For all of these inequalities would I simply solve for x, or would I have to use things like the triangle inequality of Schwarz's Inequality?

Ok I was also given some harder problems with the same concepts:Prove the following inequalities:

(i) [tex] x^2 + xy + y^2\geq 0 [/tex]

(ii) [tex] x^{2n} +x^{2n-1}y + x^{2n-2}y^2+ ... + y^{2n} \geq 0 [/tex]

(iii) [tex] x^4 - 3x^3 + 4x^2 - 3x + 1 \geq 0. [/tex]

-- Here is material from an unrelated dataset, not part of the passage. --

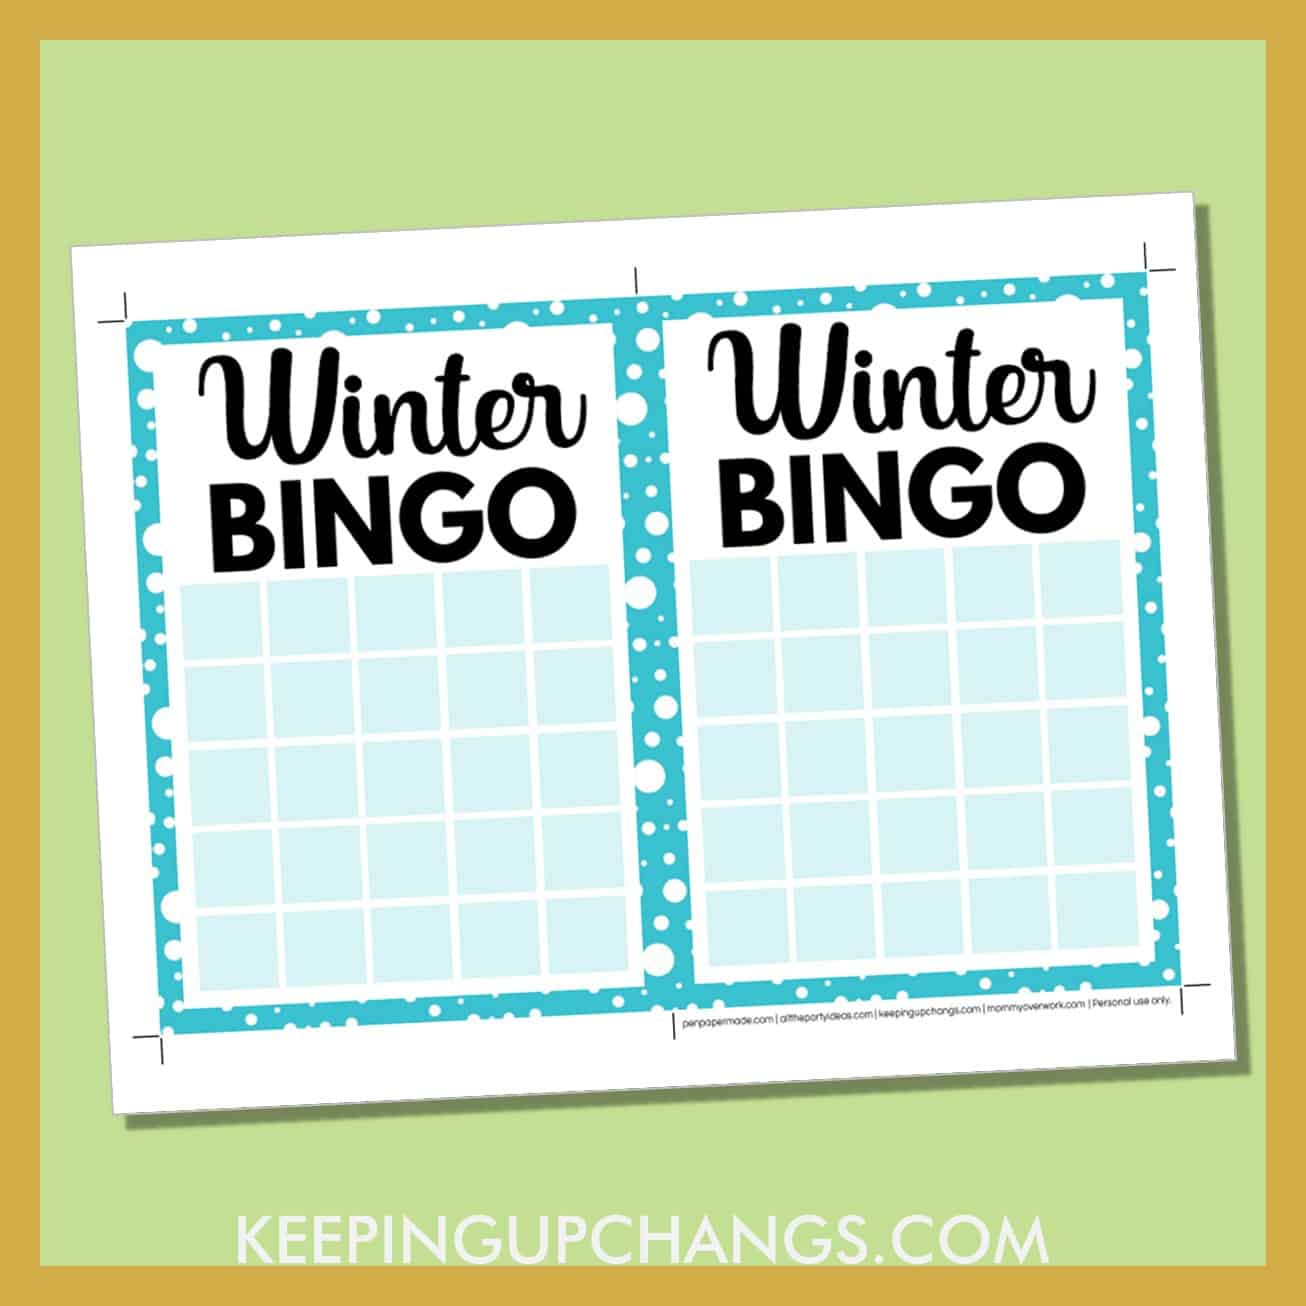 free winter christmas bingo 5x5 grid game board blank template.

Ok for (i) we can factor [tex]\frac{x^3-y^3}{x-y} [/tex]. If [tex] x > y, x < y [/tex] this expression is positive. For [tex] x = y [/tex] we have [tex] 3x^2 [/tex] which is positive.

For (ii) we have the same thing except [tex] \frac{x^{2n+1} - y^{2n+1}}{x-y} [/tex].

For (iii) [tex] x^4 - 3x^3 + 4x^2 - 3x + 1 \geq 0

\ [/tex][tex] x^4 - 3x^3 + 4x^2 - 3x + 1 = (x-1)^{2}(x^2-x+1) [/tex]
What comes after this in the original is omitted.